Dizem os pessimistas que nada é tão ruim que não possa piorar. E o relatório da Proposta de Emenda à Constituição 23, também conhecida como PEC do Calote, é a prova disso. Depois de passar na Câmara com o grave problema fiscal de se criar uma despesa fixa sem apresentar um aumento contínuo na arrecadação (e por esse motivo garantir apenas um ano do novo Auxílio Brasil) Fernando Bezerra (MDB-PE), relator do texto no Senado, resolveu “dar um jeito”. Em uma aula de descaso com as contas públicas, em vez de apresentar uma alternativa de receita que custeie o programa social, ele determinou que o Bolsa Família turbinado será permanente, e todo o gasto com políticas públicas sociais será, deliberadamente, jogado para cima do tão trincado teto dos gastos. Especialistas ouvidos pela reportagem foram categóricos ao assumir que subestimaram a capacidade do Senado em piorar um projeto que já veio bem ruim da Câmara.

E se na teoria o argumento de “tirar do teto as despesas com políticas sociais” parece um retumbante afago às camadas mais vulneráveis da população, na prática ela prejudica mais severamente o pobre. Isso porque as âncoras fiscais são ferramentas importantes para que todo e qualquer governo se mostre responsável e com essa mensagem abra espaço para confiança do empresário e do investidor, acalmando indicadores sensíveis às classes menos abastadas, como inflação, juros e emprego.

Quando cria-se uma regra em que todo gasto social será jogado para cima do teto de gastos estimula-se a ideia de que todo e qualquer despesa, se vier embalado em uma ação social, pode ficar de fora da régua que controla o endividamento do governo federal, deixando investidores receosos da capacidade do governo de honrar seus compromissos, por exemplo. Segundo Luis Otavio Leal é economista-chefe do Banco Alfa, mais uma vez, o Brasil escolheu o caminho mais fácil. “Os formuladores do teto queriam que, além de guiar a trajetória dos gastos, em algum momento fosse tão restritivo que se revisse as prioridades das despesas da União”, disse. “Mas, quando esse momento chegou, colocaram ‘um zíper na camisa de força’.”

Pedro Ladeira

“Hoje é indiscutível a necessidade de garantir um espaço acima do teto para custear o programa de transferência de renda” Fernando Bezerra Relator da PEC 23 no senado.

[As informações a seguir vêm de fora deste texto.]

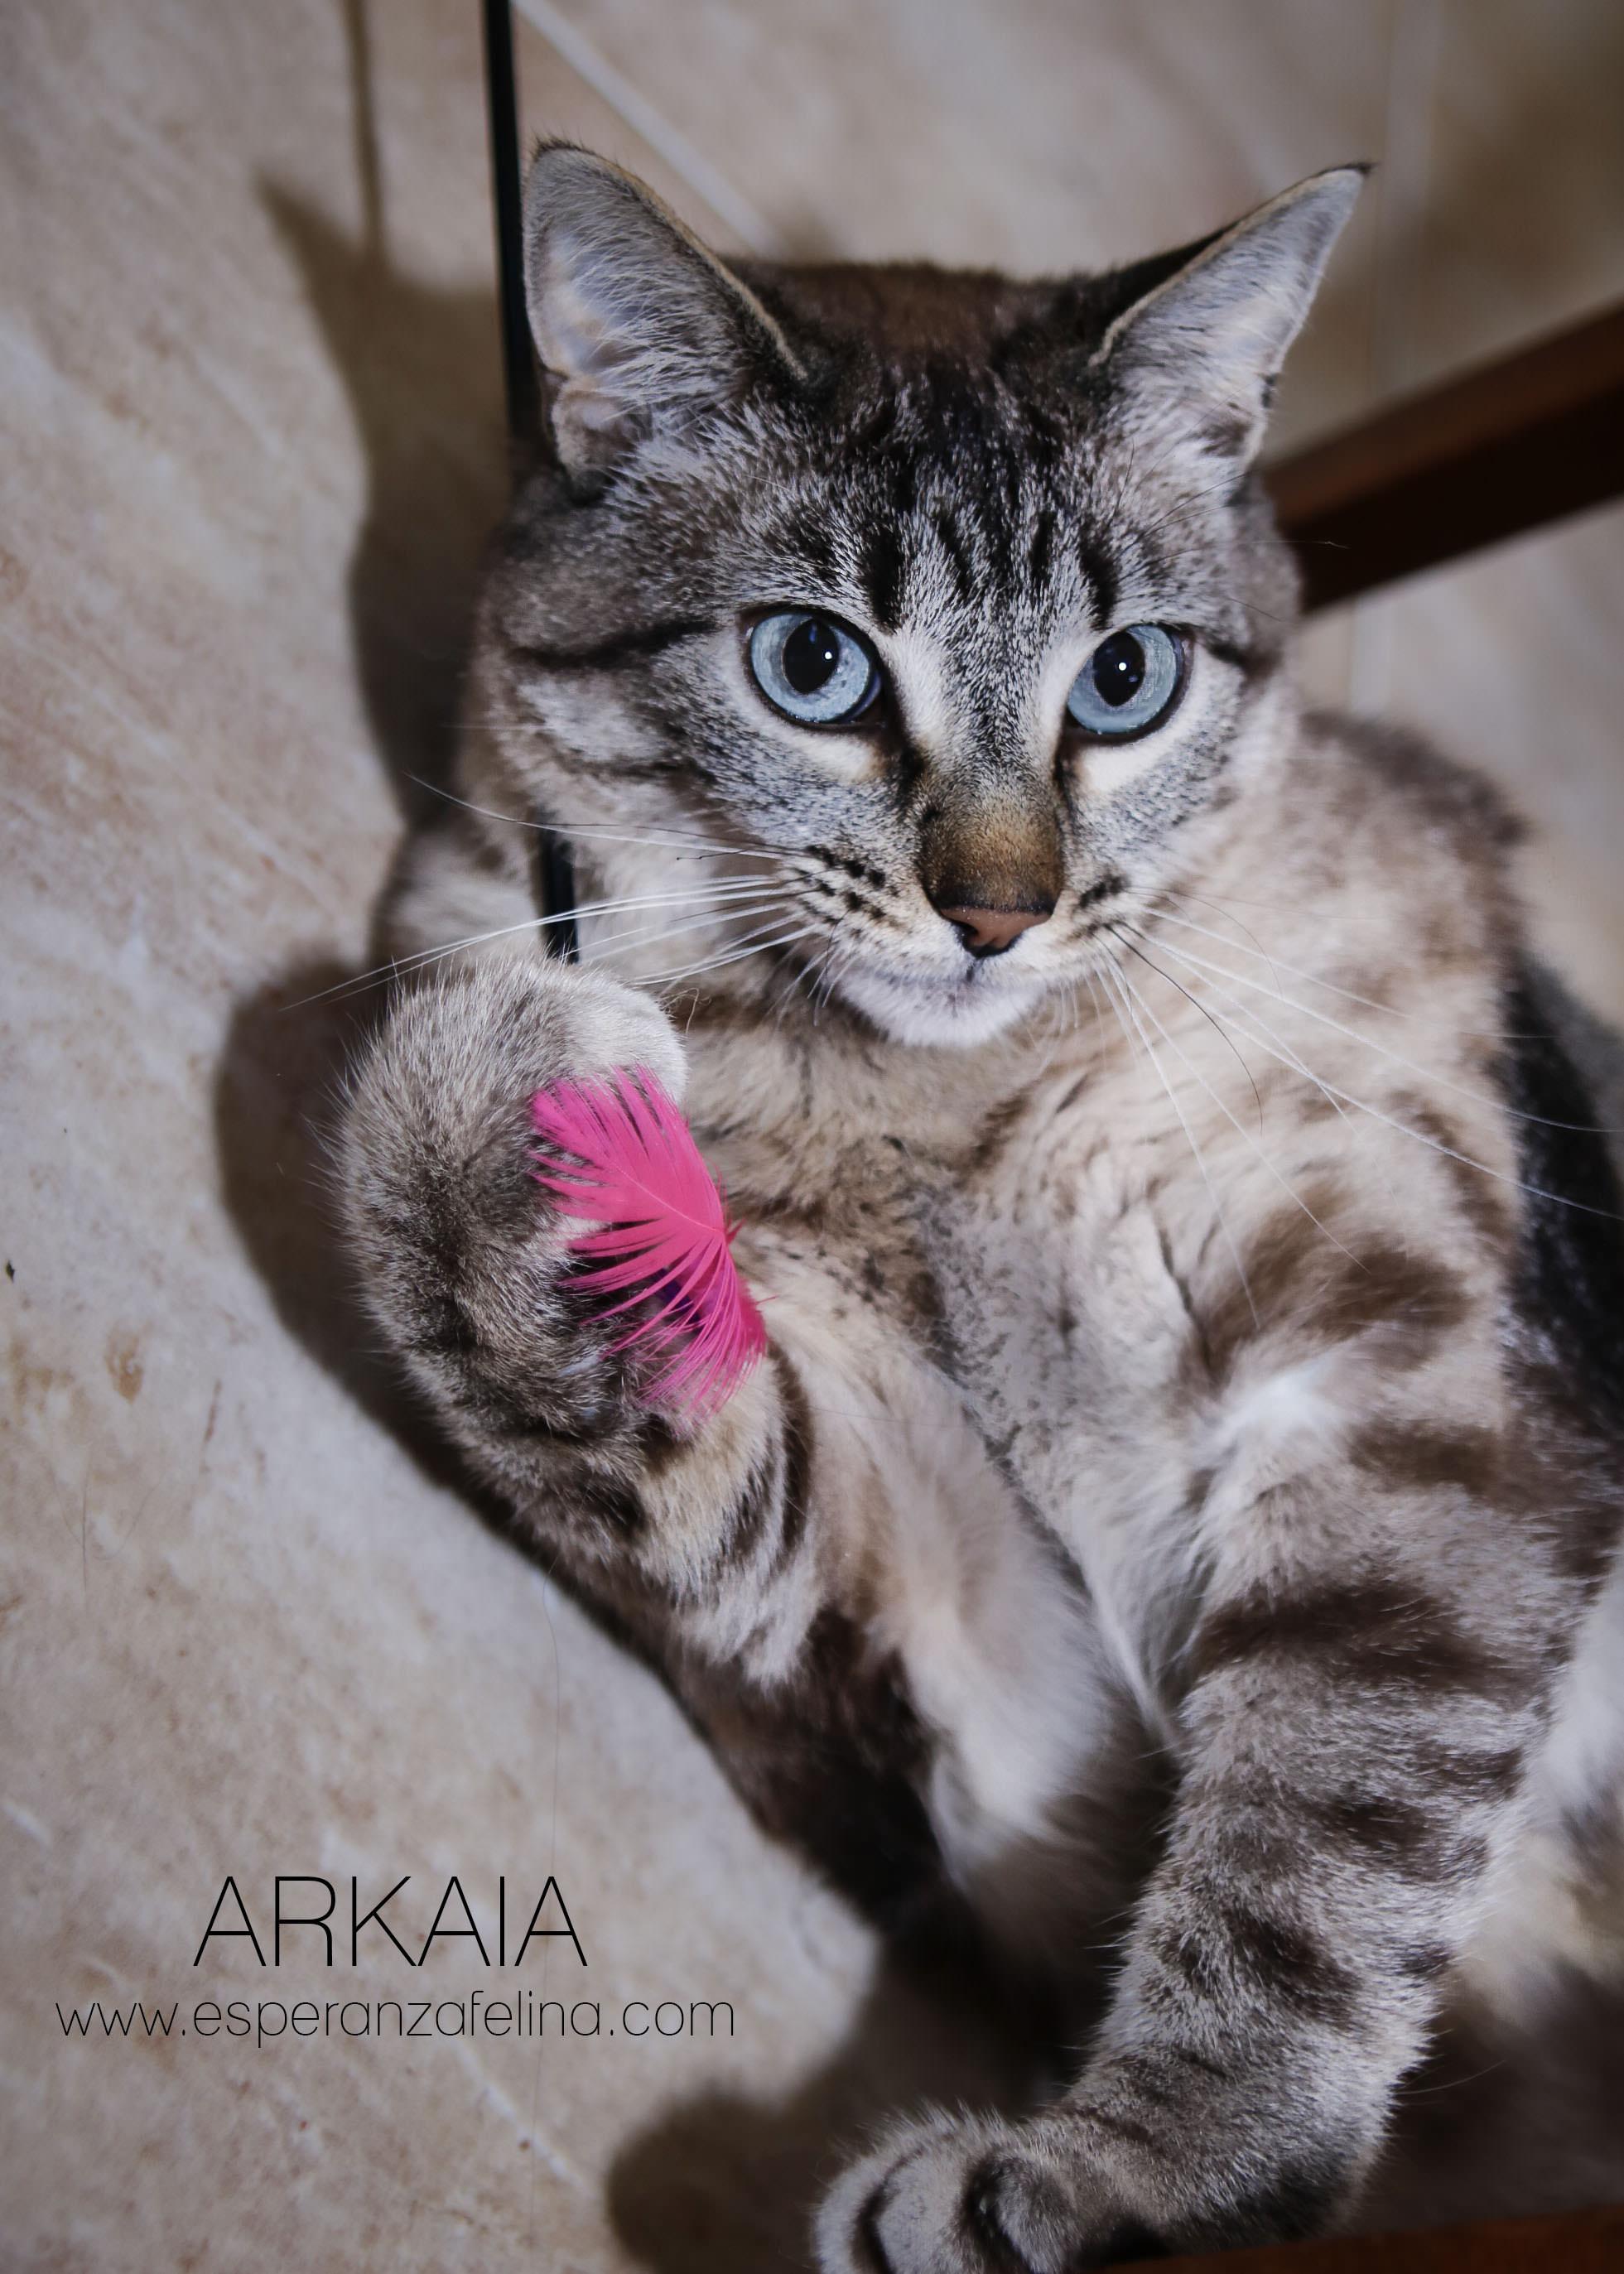 ARKAIA, gatita rescatada en la zona de Arkaiate (F.N. aprox: 1/01/2016) Álava Arkaia12

Na toada de gastos sociais, o senador também elencou prioridades para o governo gastar os recursos que superarem o teto de gastos, são eles: Auxílio Brasil; despesas atreladas ao salário mínimo; BPC (Benefícios de Prestação Continuada); gastos constitucionais com saúde e educação; transferências para os demais poderes; despesas para financiar o programa de desoneração da folha de 17 setores da economia, nessa ordem. Segundo ele, a necessidade de abertura do espaço para o Auxílio Brasil permanente é indiscutível. “Tanto em termos do tamanho do público-alvo atendido quanto em termos do valor mensal dos benefícios às famílias.”

Outra mudança incluída pelo senador é relacionada aos precatórios do Fundef (Fundo de Manutenção e Desenvolvimento do Ensino Fundamental e de Valorização do Magistério), cujos credores são os estados e municípios. O tema foi alvo de críticas por prejudicar diretamente professores e servidores da educação. Houve ainda uma mudança no cálculo da inflação, fazendo o valor para cima do teto subir de R$ 96 bilhões para os R$ 106 bilhões.

BRIGA PERDIDA Ministro Paulo Guedes diz que até queria manter o teto, mas foi vencido pela política. (Crédito:Mateus Bonomi)

Em Brasília, Jair Bolsonaro foi questionado se o texto não descumpre a Lei de Responsabilidade Fiscal. “Quem está acusando disso é aquele que falou que é inadmissível o povo estar pegando osso para comer. E quando a gente quer buscar uma maneira de atender, acusam”, disse. Já o ministro da Economia, Paulo Guedes, admitiu ser melhor ampliar um pouco os gastos sociais do que respeitar estritamente o teto. “Eu perdi secretário da Receita, perdi gente que acha que tinha de ter sido respeitado estritamente o teto. Eu disse: é melhor fazer uma aterrissagem mais suave no fiscal, mas atender mais o social”. Durante audiência na Câmara, Guedes disse que a Economia não tem a última palavra. “Todo mundo sabe que eu queria manter o teto.” Dias antes, o ministro afirmara que o texto medida era politicamente oportunista, mas tecnicamente defensável.

A perspectiva do presidente do Senado, Rodrigo Pacheco (DEM-MG) é que vá para o plenário na terça-feira (30), onde poderá passar por novas alterações e atingir, vão dizer os pessimistas, um nível ainda mais baixo.